No one else was injured.

An accomplished welder, Heemeyer sealed himself into his cement and steel cocoon to carry out what he described, on tapes found later, as God's will. Three rifles were mounted on the bulldozer, and a Tec-9 semiautomatic machine gun was found inside the cab. Seven cameras linked to three video monitors on the dashboard helped him navigate.

Heemeyer was particularly aggrieved by a zoning dispute that allowed a cement batch plant to expand near his shop. Like many of his targets, Farrell was a town council member who supported the expansion.

"He had his reasons," said Carol Mauerman, a waitress at the Columbine Cafe, which has deer, elk, and bear heads and yellowed photos of mountain vistas on its wood-paneled walls. "He got tired of fighting the system. I don't know if I would have handled it that way."

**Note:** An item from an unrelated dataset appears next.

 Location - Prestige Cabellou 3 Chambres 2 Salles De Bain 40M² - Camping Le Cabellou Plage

Websites sprung up celebrating Heemeyer as a folk hero and patriot.

"There's a streak that runs through people up here that's rebellious," said Phil McGinn, 56, of nearby Grand Lake. "Everyone should have a good healthy dose of antigovernment."

The 13-foot-high dozer is covered by a tarp on a fenced lot outside town. Several people have pushed to make it a tourist attraction, but most want to see it dismantled. Granby Mayor Ted Wang wants to see it "turned into razor blades."

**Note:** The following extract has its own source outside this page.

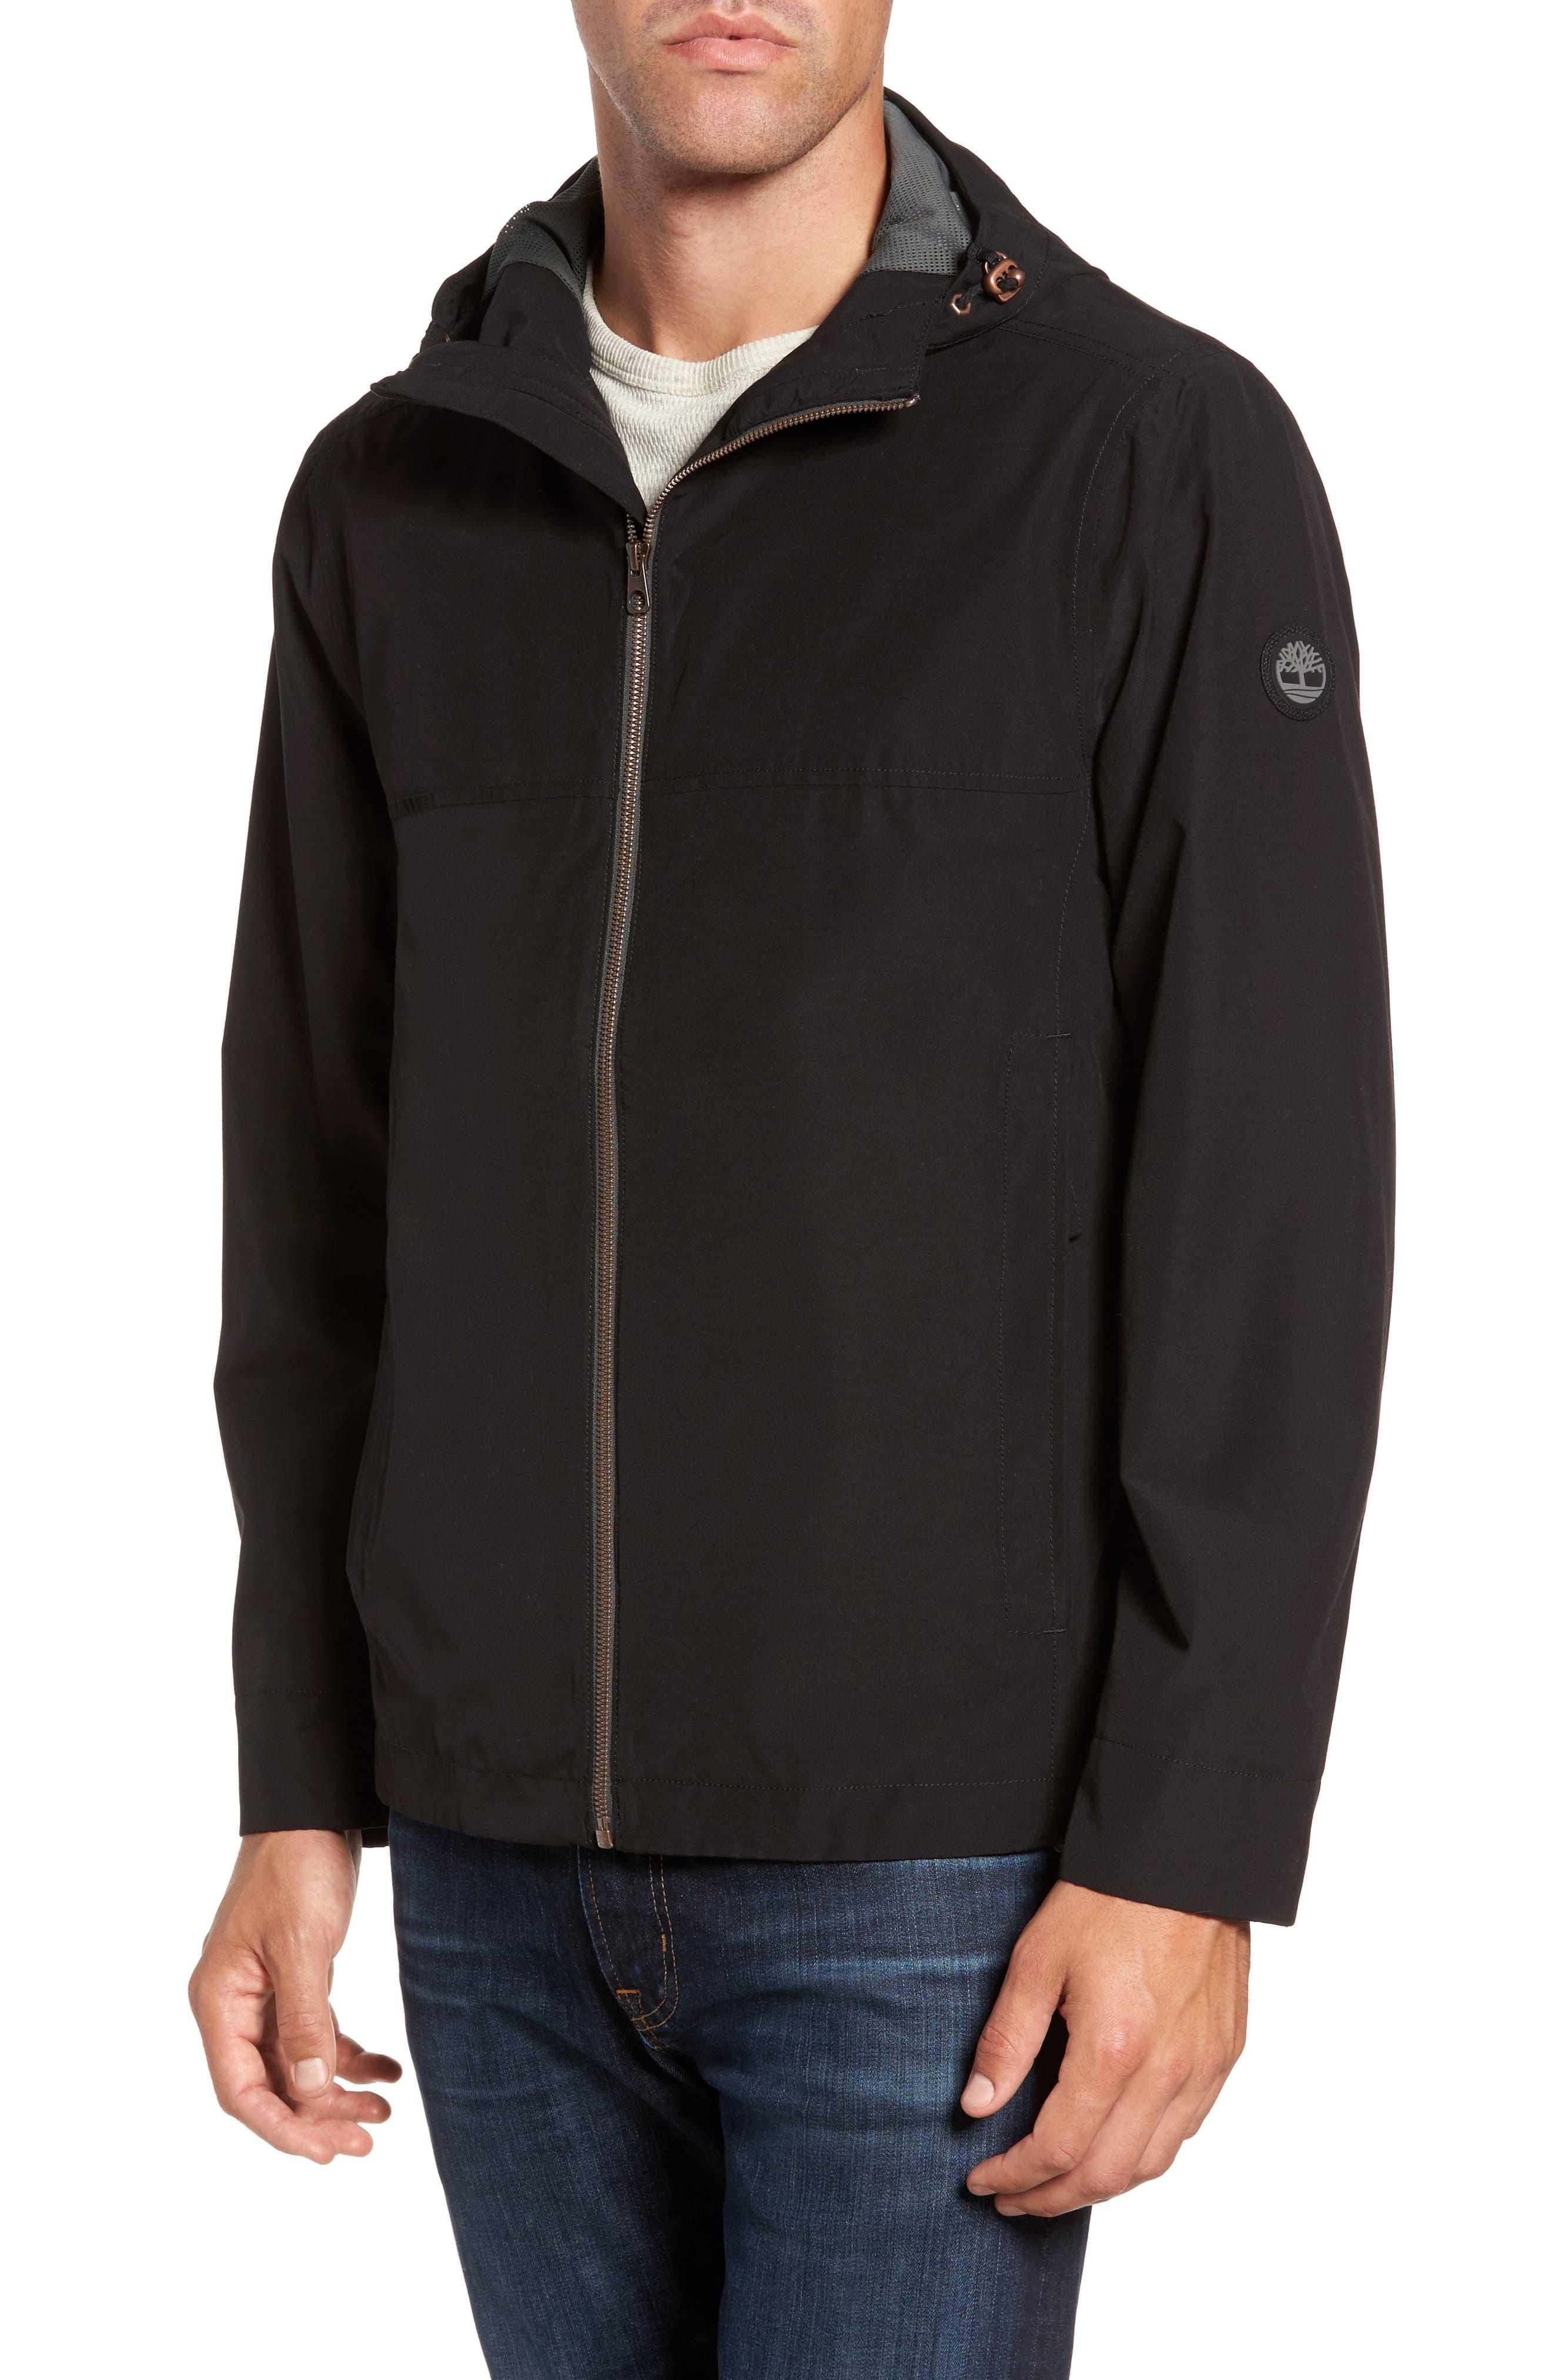 Ragged Mountain Packable Waterproof Jacket,                             Main thumbnail 1, color,                             Black

"The town's position is we don't want to commemorate this thing," Wang said.

Despite any grievances against town officials, area residents have pulled together in an unprecedented way after Heemeyer's rampage. Even McGinn, who was in Heemeyer's corner initially, changed his mind about the rampage after hearing about children being evacuated from the library as Heemeyer approached.

A community relief fund has accumulated $200,000; $46,000 of it has been distributed. Community organizers are selling T-shirts with a picture of a bulldozer with an "X" through it. A calendar featuring photos of provocatively dressed women was about to hit stores. Of the $20 sale price, a portion would go to the fund.

"People pitched in everywhere," said Amanda Feighner, 42, who posed as Miss December.

"Because it's a small town, you know these people. We live kind of in a fishbowl. Even rival businesses stopped doing business for a day out of respect for the other ones."

The outpouring of support humbled Wang, who said Heemeyer unwittingly accelerated a plan to rejuvenate the town's core. The plan calls for making Granby more friendly to pedestrians, sprucing up facades, planting flowers, and hanging banners. The goal is to rebuild the town in time for Granby's centennial Dec. 11, 2005.

"The town's going to come back better and stronger than it was before Heemeyer took his drive," Wang said. "That's going to be the sweetest revenge of all."